1) Process recordings of real F1 engines at fixed RPMs to seamlessly go from
one to another.

2) Approximate the sound sources and what happens to them on he way to the
ear, so: oscillators and noise generators passing through filters and delays
to modify the spectrum.

3) A real attempt at modelling the sound sources and the acoustics of the
enclosures and pipes in terms of "what happens to the air pressure variations
here".

Or use something already existing:
[https://www.krotosaudio.com/igniter/](https://www.krotosaudio.com/igniter/)

------
hellofunk
I’ve compaired this with Howler.js and couldn’t easily see the observable
trade-offs between these two. I guess I’d have to actually implement something
with both of them to find out. Howler has a neat concept of audio sprites and
the library seems more popular for some reason.

------
kylek
Neat! I was looking into wavTones[0] recently but will have to give this a
look. (A comparison might be nice)

[0]
[https://www.wavtones.com/functiongenerator.php](https://www.wavtones.com/functiongenerator.php)

------
minism
This is a really awesome framework. Working on a generative chord progression
project right now using it (Also my first foray into typescript -- looks like
the type definitions for Tone.js are a bit out of date).

------
stevehiehn
TONE.JS is really fun. My hobby project uses RNNs to generate MIDI parts and
play them back through TONE.js :
[http://treblemaker.ai](http://treblemaker.ai)

------
increment_i
Have been following this library for years.

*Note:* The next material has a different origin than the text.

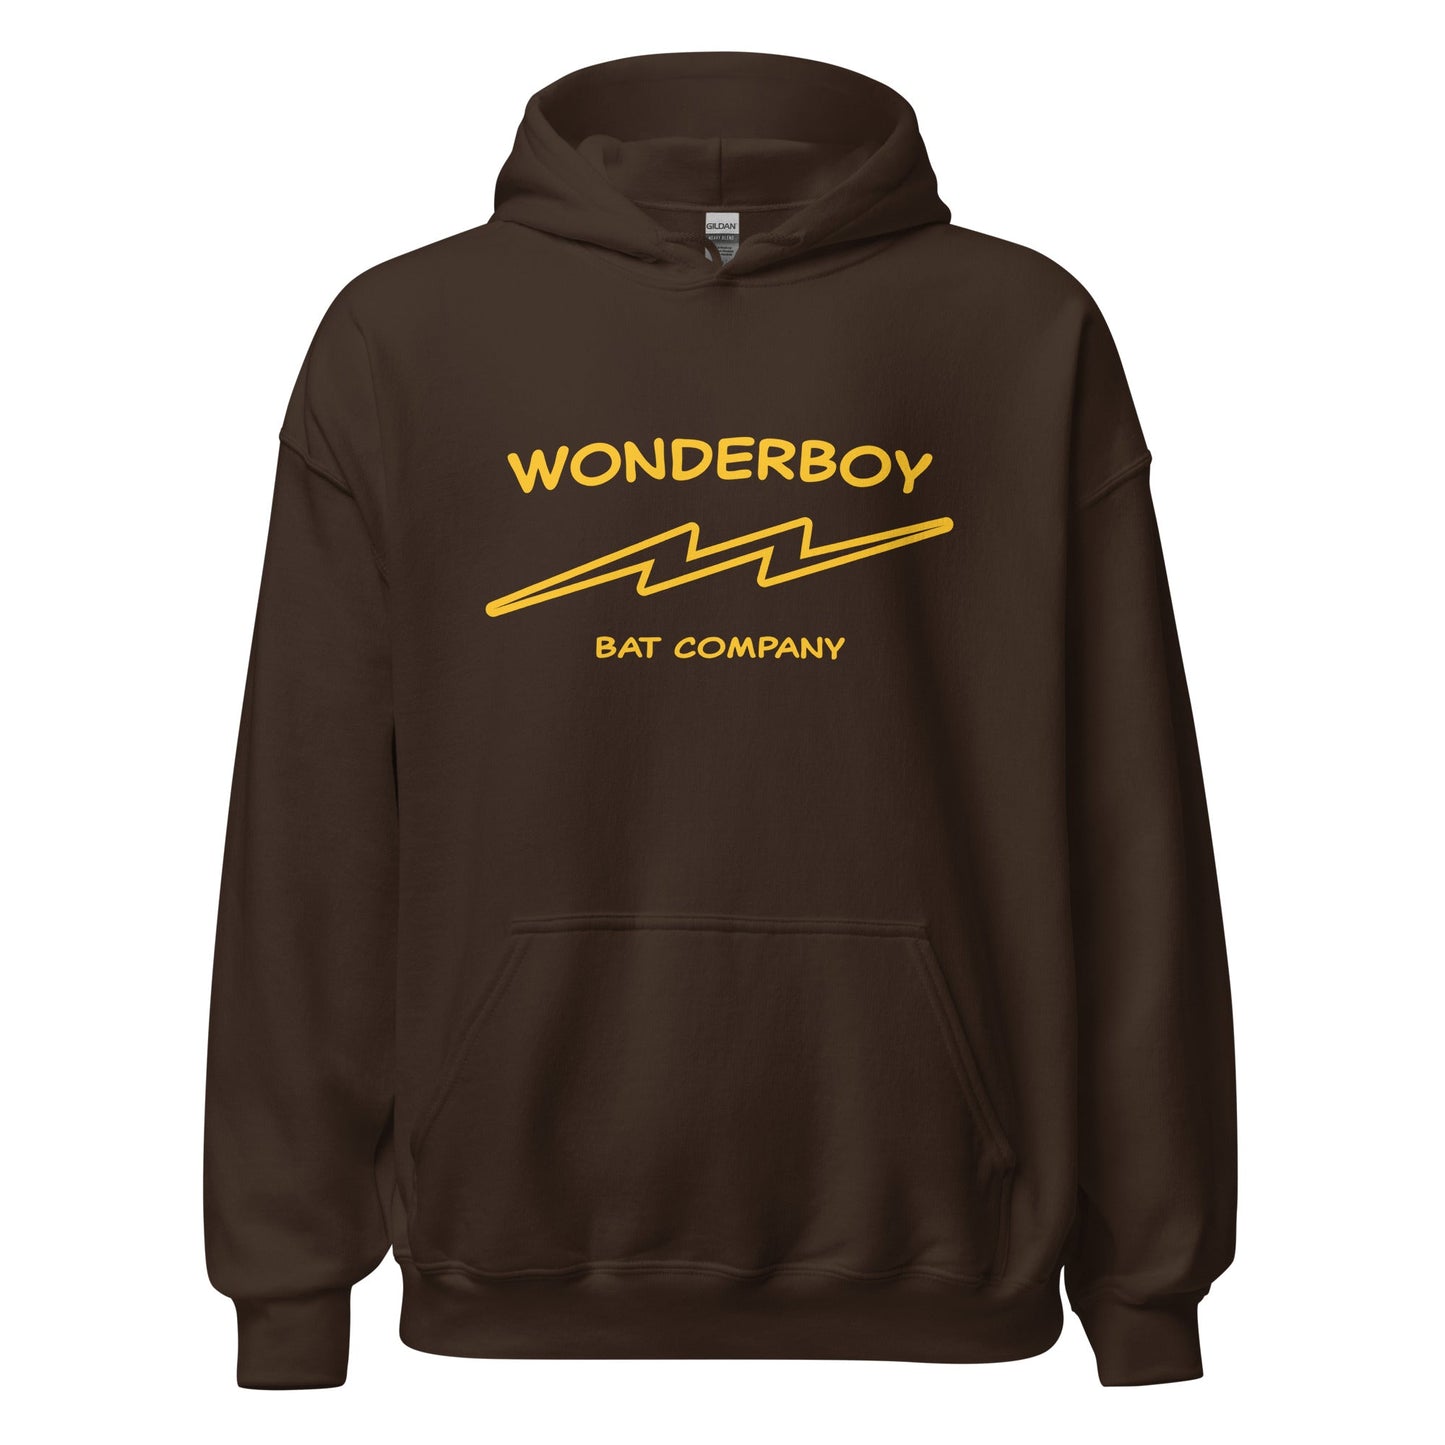 Wonderboy Bat Co Hoodie - Classic 80s Movie Natural Sweatshirt

Love it. Favourite projects were
some personal desktop apps I did with it in Electron to mangle samples in cool
ways for my own music projects.

------
cazum
I used this to prototype algorithms for a polyrythmic midi sequencer I'm
working on. It's really a dream to use. If only using midi on low end hardware
was this easy.

------
ArtWomb
Very cool. Look forward to playing with it this weekend ;)

Regarding WebRTC. Combined with net latency. Can we build an online "jamming"
demo?

------
souenzzo
clojure project from 2015
[http://ctford.github.io/klangmeister/](http://ctford.github.io/klangmeister/)